Page 1 of Cruel Betrayal


Font Size:

Chapter One

JADE

The worst partabout coming home to my new little apartment in the Upper East Side is never knowing whether the door is going to be open or closed.

It should be closed. And locked. And the security system engaged.

But he always seems to find a way around that, and I don’t know how.

My hands shake as I unclench my fingers from the keys they’re wrapped around, flicking through the few on the ring to find the one to my door.

I let out a wavering breath.

My heart pounds so hard against my ribs that I’m sure it’s going to find its way out of my chest.

All I ever wanted was to be independent. To be able to choose the life I want to live. To be the master of my destiny. Maybe find a boyfriend or have fun dating the wrong guys for a while before settling down with the right one and starting a family someday.
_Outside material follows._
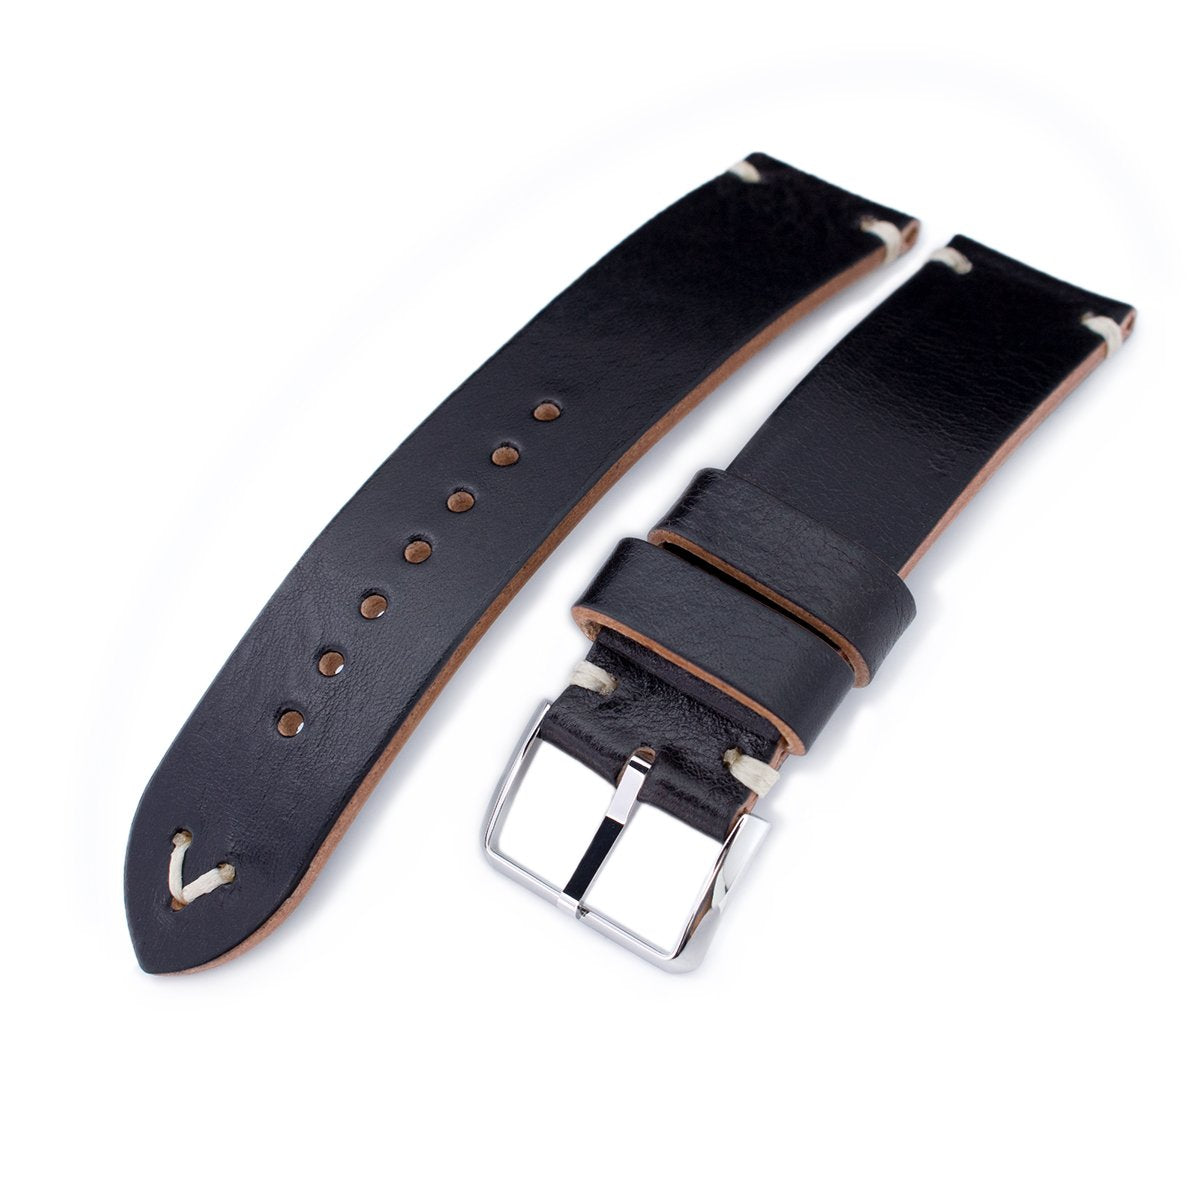 20mm 21mm 22mm MiLTAT Black Genuine Calf Leather Watch Strap Beige Stitching Polished Buckle Strapcode Watch Bands

I wanted to be me, to be more than just another Lynde, my sister’s twin, my siblings’ punching bag, my family’s problem solver.

I wanted not to be a prisoner in my own home.

I wanted to have a voice. To matter. To live. To be free.

And here I am.

I got free from my family’s oppression only to be stuck in a nightmare. A whole new level of captivity.

From a gilded cage to a figurative one.

I haul open the front door to the building, waiting for the doorman to open the second one.

He gives me a warm smile and a nod, though he says nothing.

As I step into the elevator, I fidget with the keys, half trying to protect myself and half knowing that I could stab anyone who might come at me out of the apartment.

I fought so hard to move out on my own.

This house was my dream come true. But dreams aren’t always pleasant. Sometimes they turn into nightmares. And I should’ve anticipated the hell having a place of my own would bring.

The doors slide open on the top floor, and my stomach plummets to my feet.

It takes everything in me to convince myself to step off that elevator, to walk past the door to the emergency stairwell, and to turn right at the end of the hall, into the little alcove where my door is hidden.

Thankfully, it’s closed today.

I let out a deep breath and stick the key in the lock, counting to ten before twisting it, trying to prepare myself for whatever I’m going to find inside.

As the door swings open, I just know.

Something is wrong.

It’s not that there’s anything out of place, but more so the fact that the bowl that’s in the dish rack was dirty in the sink when I flew out the door this morning.

My shoes are neatly lined up in front of the hall closet.

Maybe it’s the way my throw blanket is tossed haphazardly on the couch, the pillows indented as if someone took a nap there.

I would never sleep on the couch. The massive windows that overlook Central Park are too open. Too inviting for anyone with a pair of binoculars or a half-decent camera who might want to look inside.